Example 2.4: Calculation of Average Atomic Mass

A meteorite found in central Indiana contains traces of the noble gas neon picked up from the solar wind during the meteorite’s trip through the solar system. Analysis of a sample of the gas showed that it consisted of 91.84% \(\ce{^20Ne}\) (mass 19.9924 Da), 0.47% \(\ce{^21Ne}\) (mass 20.9940 Da), and 7.69% \(\ce{^22Ne}\) (mass 21.9914 Da). What is the average mass of the neon in the solar wind?

Solution

\(f_{\mathrm{\ce{20}}}\) \(= 91.84\ \mathrm{%}\)


\(f_{\mathrm{\ce{21}}}\) \(= 0.47\ \mathrm{%}\)


\(f_{\mathrm{\ce{22}}}\) \(= 7.69\ \mathrm{%}\)


\(m_{\mathrm{\ce{20}}}\) \(= 19.9924\ \mathrm{Da}\)


\(m_{\mathrm{\ce{21}}}\) \(= 20.9940\ \mathrm{Da}\)


\(m_{\mathrm{\ce{22}}}\) \(= 21.9914\ \mathrm{Da}\)


\(m_{\mathrm{average}}\) = ?


\(m_{\mathrm{average}}\) \(= f_{\mathrm{\ce{20}}} \cdot m_{\mathrm{\ce{20}}} + f_{\mathrm{\ce{21}}} \cdot m_{\mathrm{\ce{21}}} + f_{\mathrm{\ce{22}}} \cdot m_{\mathrm{\ce{22}}}\)

\(\ \ \ =91.84\ \mathrm{%} \cdot 19.9924\ \mathrm{Da} + 0.47\ \mathrm{%} \cdot 20.9940\ \mathrm{Da} + 7.69\ \mathrm{%} \cdot 21.9914\ \mathrm{Da}\)

\(\ \ \ =18.3610\ \mathrm{Da} + 0.0987\ \mathrm{Da} + 1.6911\ \mathrm{Da}\)

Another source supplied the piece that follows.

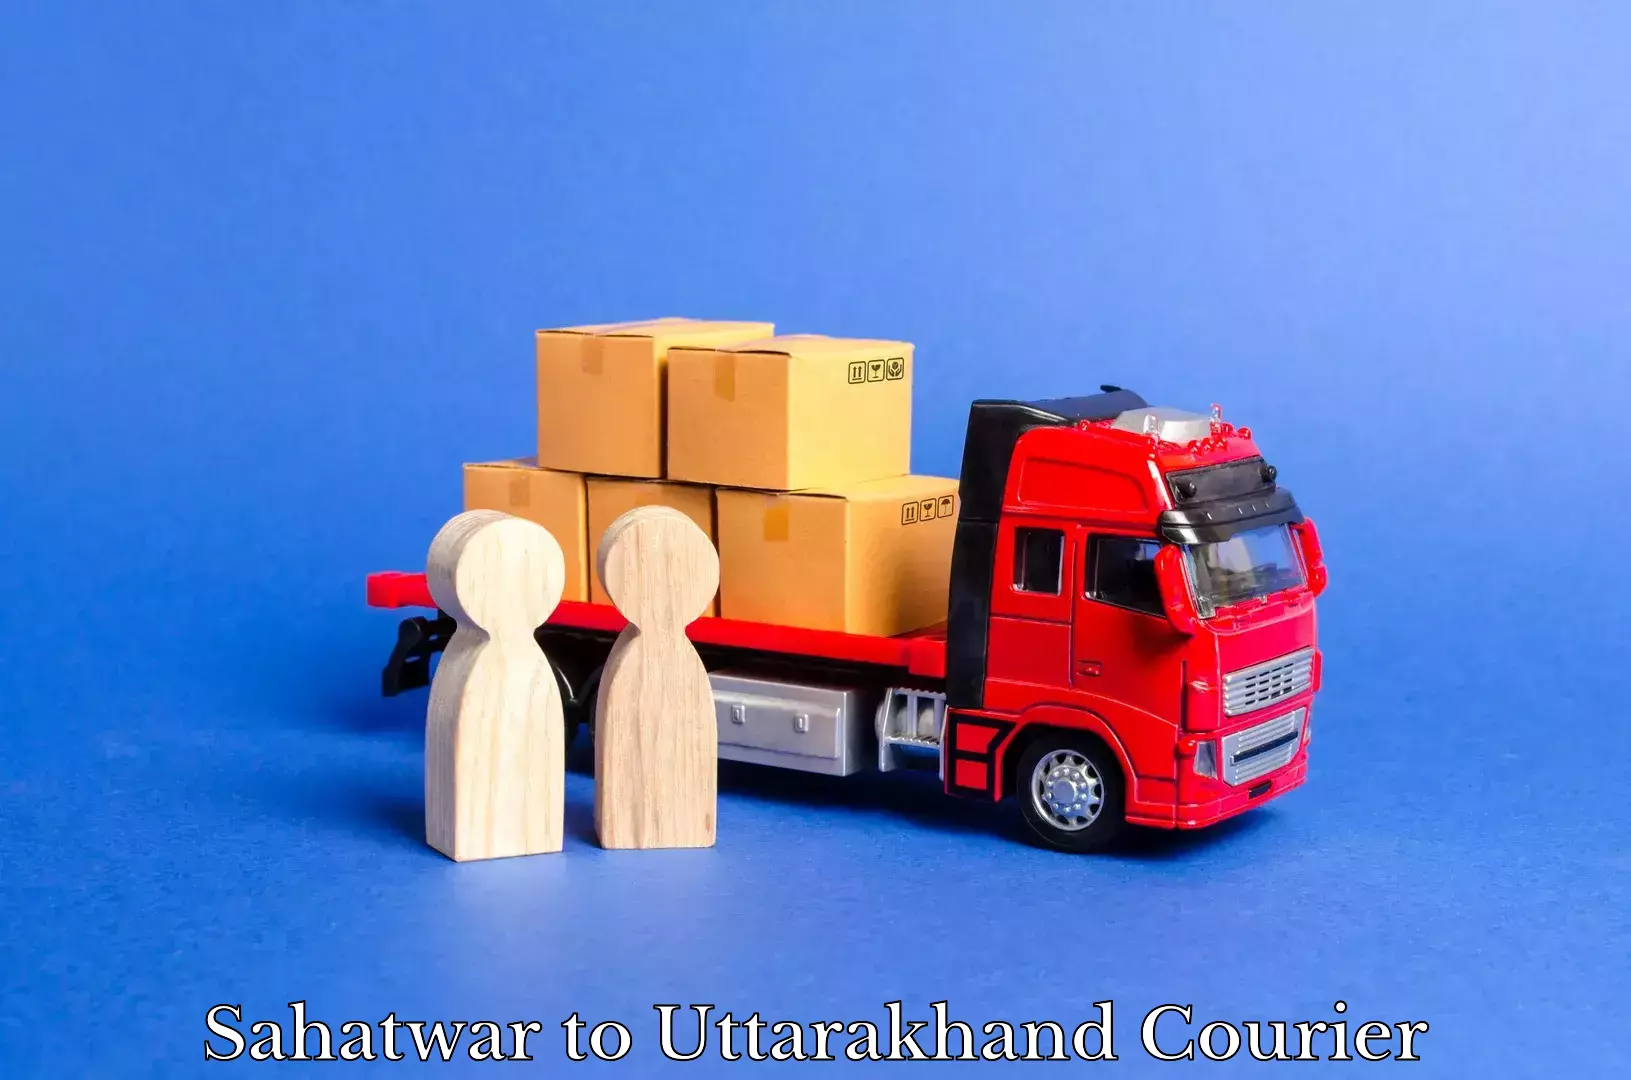 Lightweight courier Sahatwar to Uttarakhand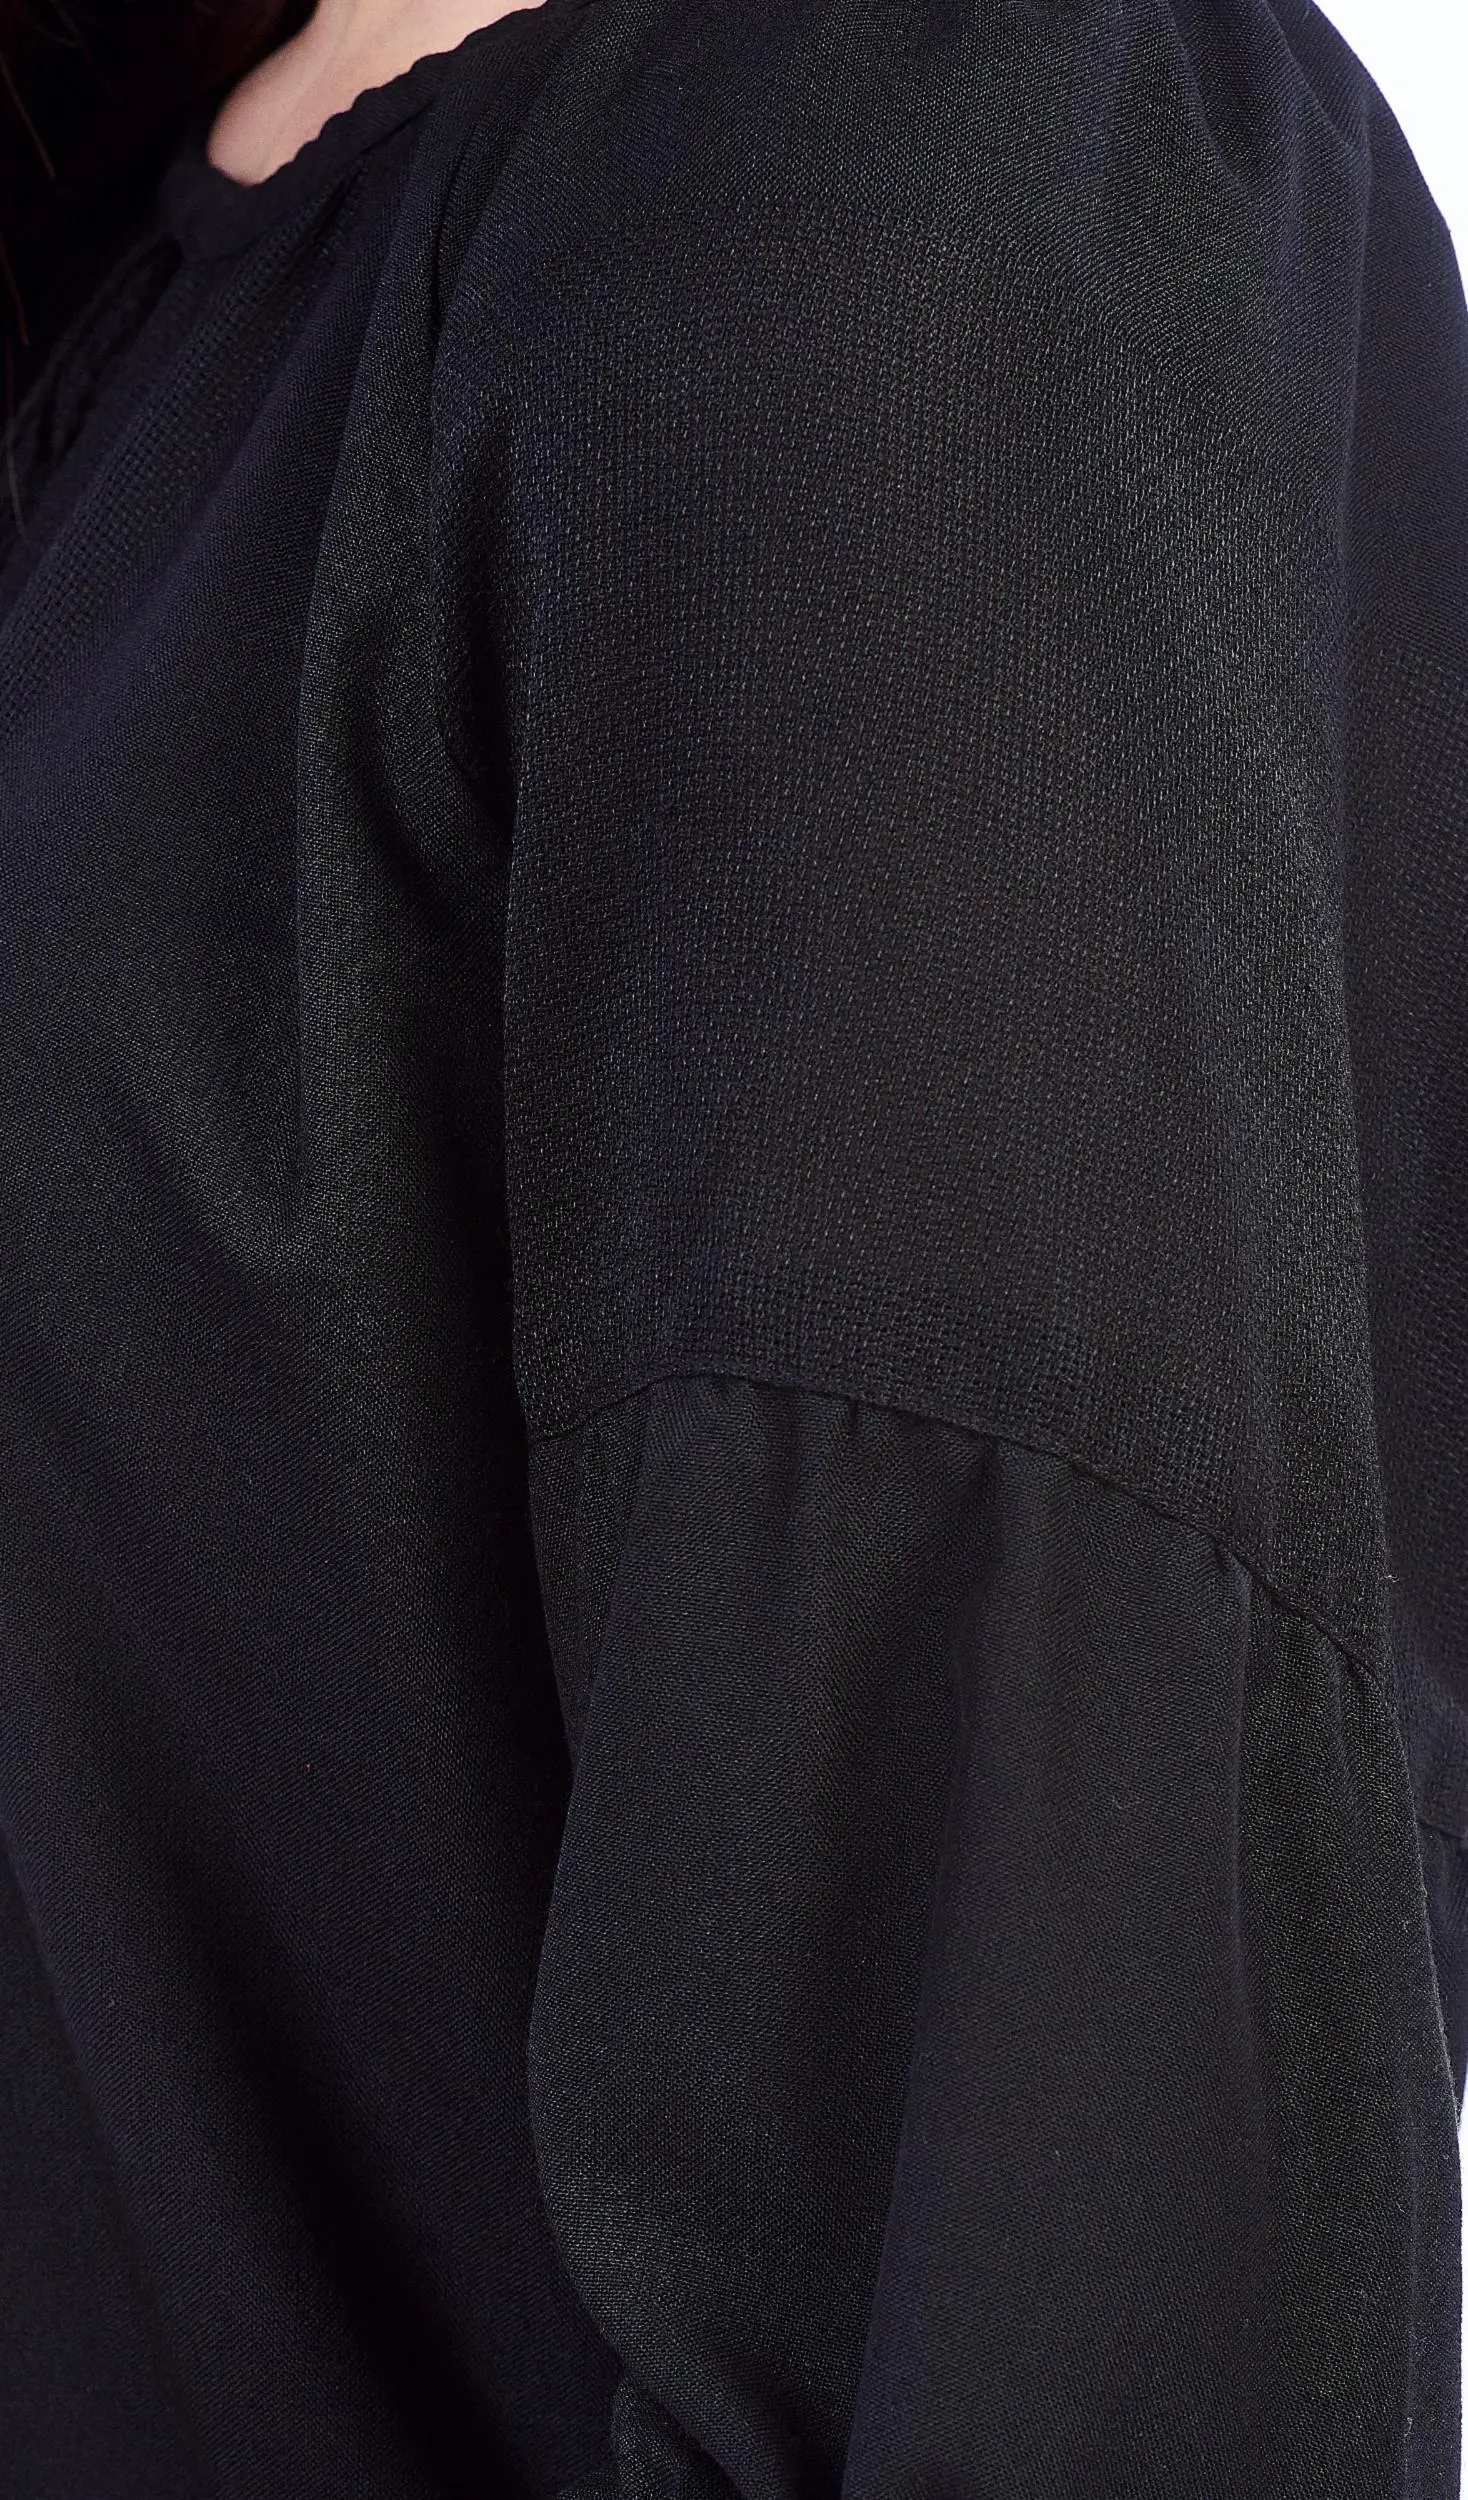 ТПК-172 03-02/09 Сорочка жіноча під вишивку, чорна, 3/4 рукав, розмір 46

\(\ \ \ =18.4597\ \mathrm{Da} + 1.6911\ \mathrm{Da}\)

\(\ \ \ =20.151\ \mathrm{Da}\)


The average mass of the neon in the solar wind is 20.151 Da. (The average mass of a terrestrial neon atom is 20.1796 Da. This result demonstrates that we may find slight differences in the natural abundance of isotopes, depending on their origin.)